Dutch journalist and producer

Henk van der Meijden (born 26 June 1937, in The Hague, Netherlands) is a Dutch journalist and producer of theater and circus acts. Known as the "godfather" of Dutch gossip journalism, he founded a weekly gossip magazine, Privé, and edits the gossip pages of De Telegraaf.

==Biography==
Henk van der Meijden grew up in Bezuidenhout, a neighborhood of The Hague, as the elder of two in a working-class family. At age 16 he started writing children's stories for the publication Het Vaderland, an evening daily. For the Haagsch Dagblad he reported on social events and funerals, and after finishing his secondary education became an apprentice journalist at the Nieuwe Haagsche Courant, where he got his own column. He wrote short stories for other publications and in the 1960s also wrote for the women's magazines Margriet and Libelle.

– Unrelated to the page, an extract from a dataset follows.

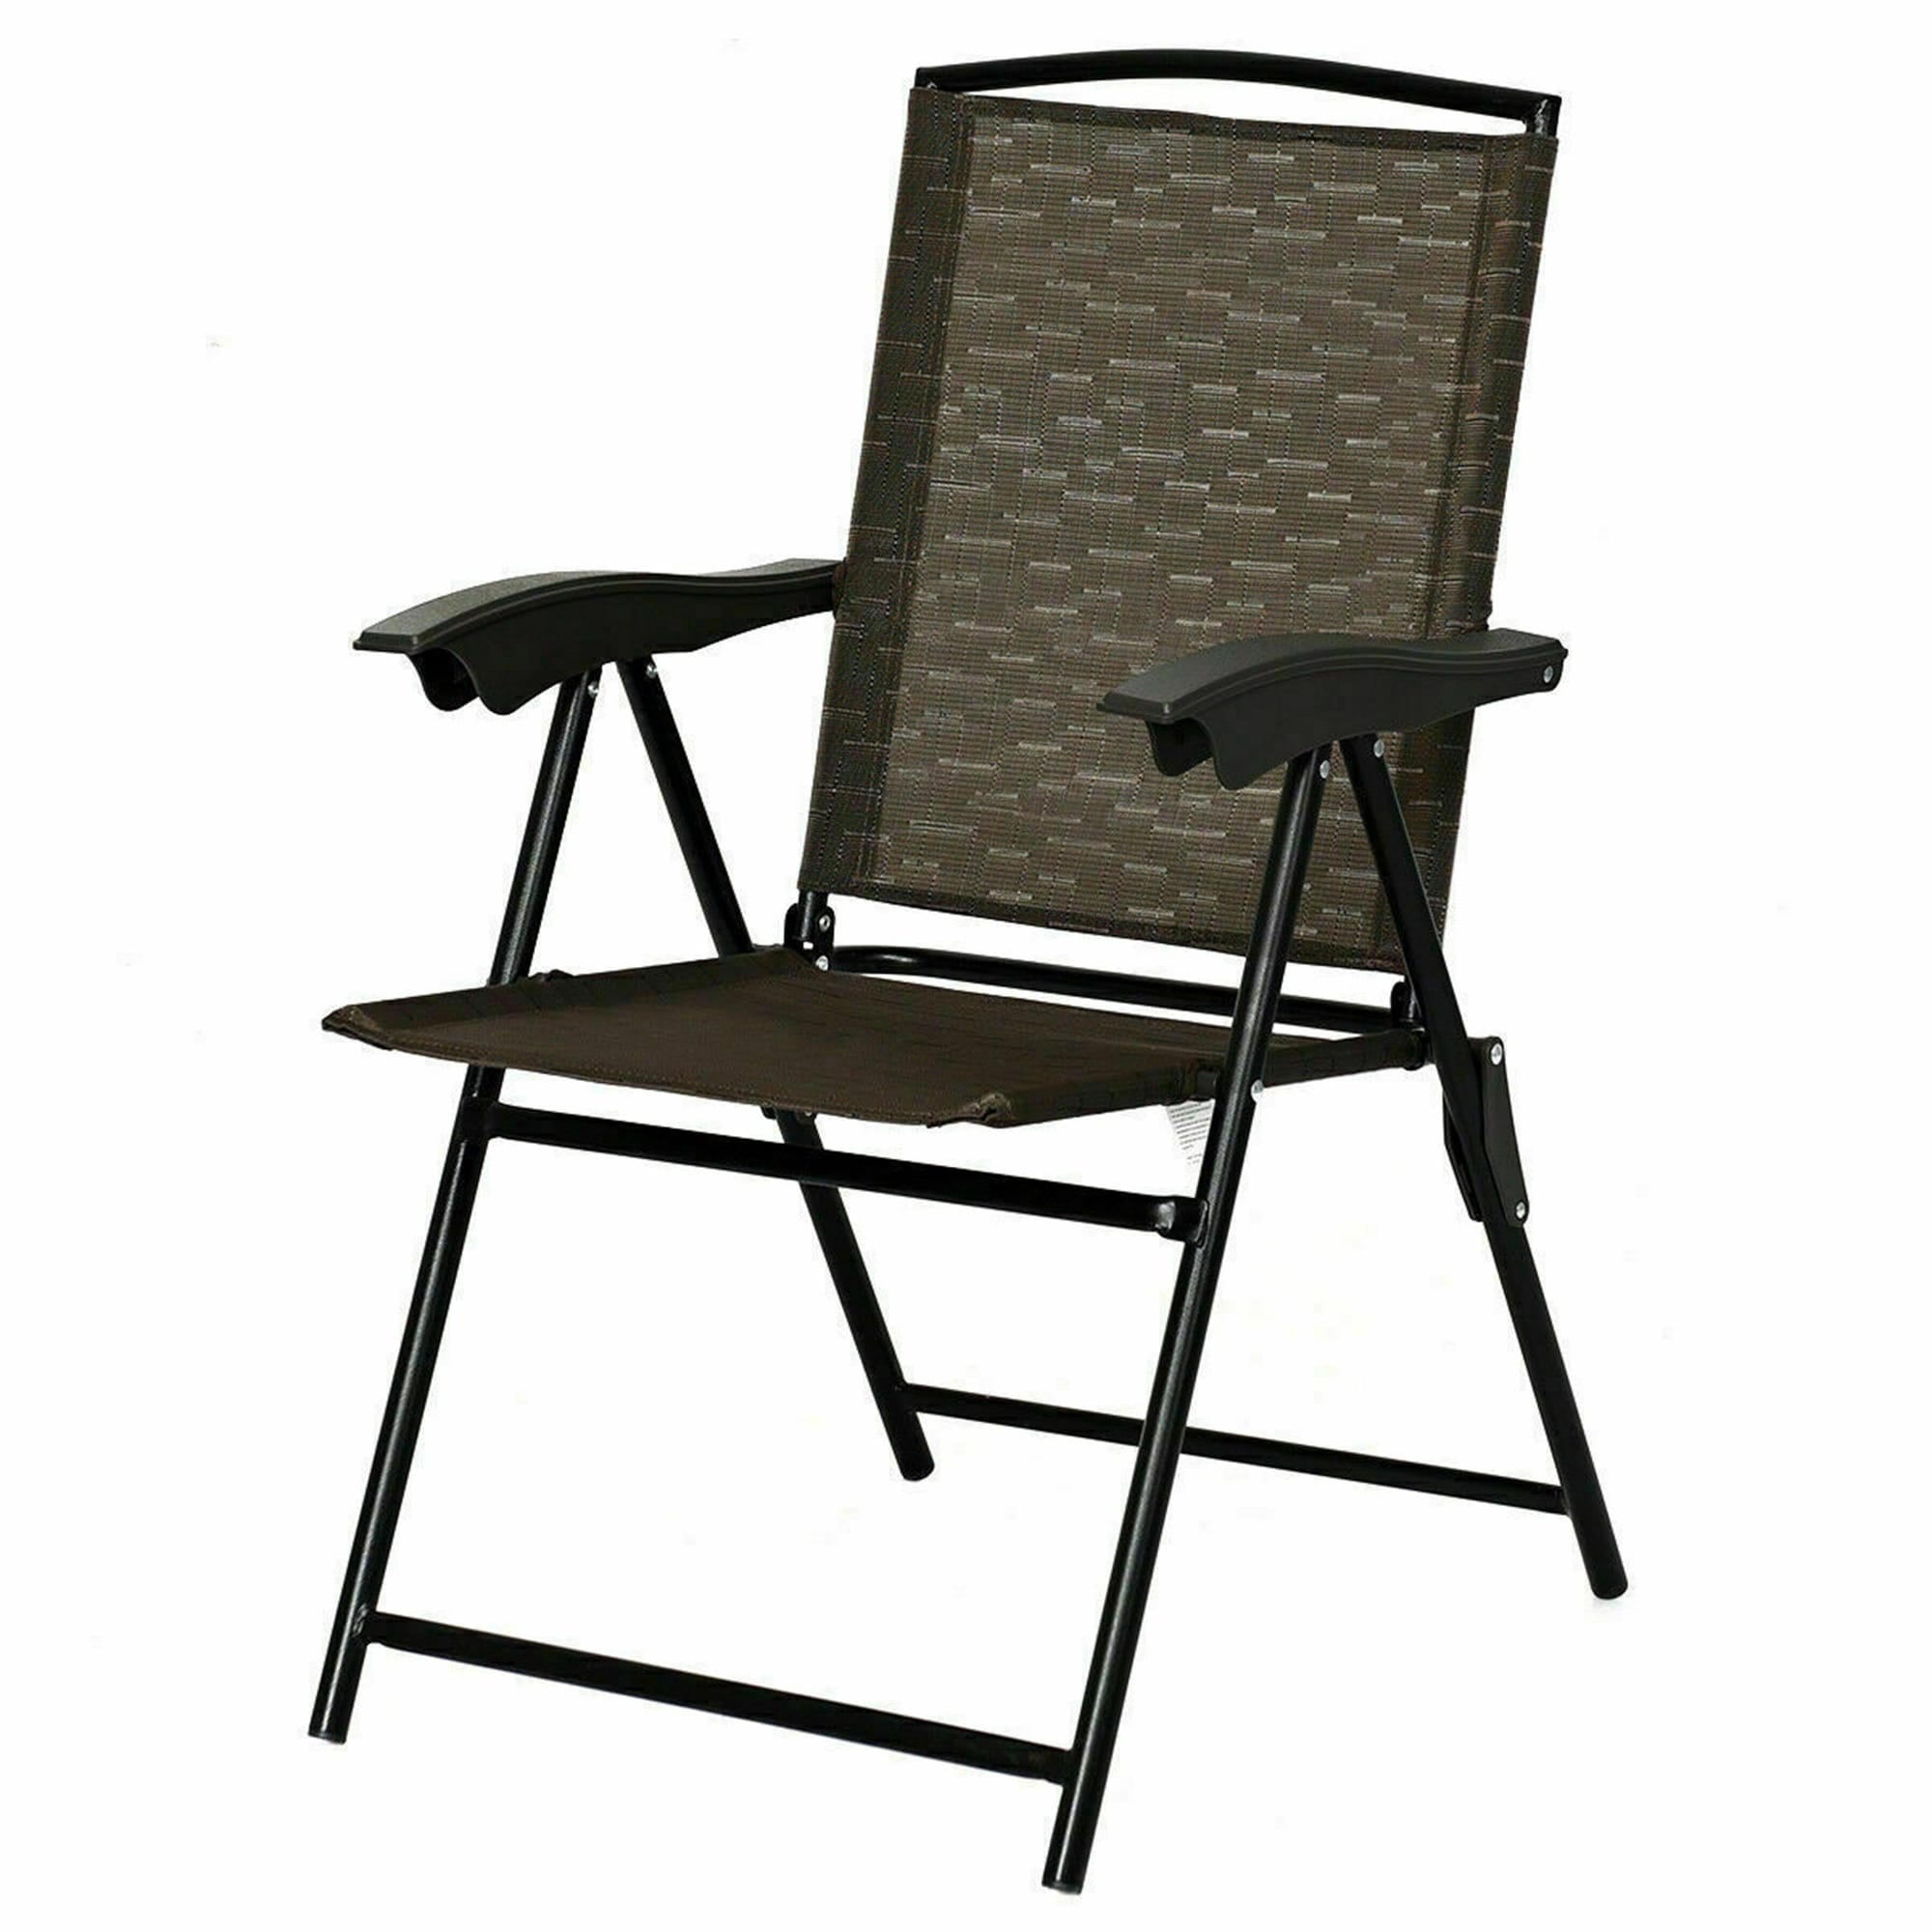 2pcs Folding Sling Chairs Set Portable Chairs With Adjustable Back

Van der Meijden's long career with De Telegraaf started officially in 1958, after he had written a series of reports about poor conditions in the Dutch armed forces. His first job was as a crime reporter in The Hague, and in 1959 he was transferred to the main office in Amsterdam, where he got his own section, the showbiz pages, which quickly became the most popular section of the paper. At the end of the 1960s he named this section Privé.

In 1977 he founded a weekly magazine, also called Privé, an extension of the showbiz pages in De Telegraaf. A television program, TV Privé, was soon aired by TROS. He retired as Privé's editor in chief in 1997, and in 2002 he retired from De Telegraaf, to be succeeded by Wilma Nanninga.

Since 1966 van der Meijden has been active as a producer of theater and entertainment, and in the 1970s began bringing international circus acts to the Netherlands. With Joop van den Ende and Benoit Wesley he was co-owner of the Circustheater in Scheveningen in the early 1990s.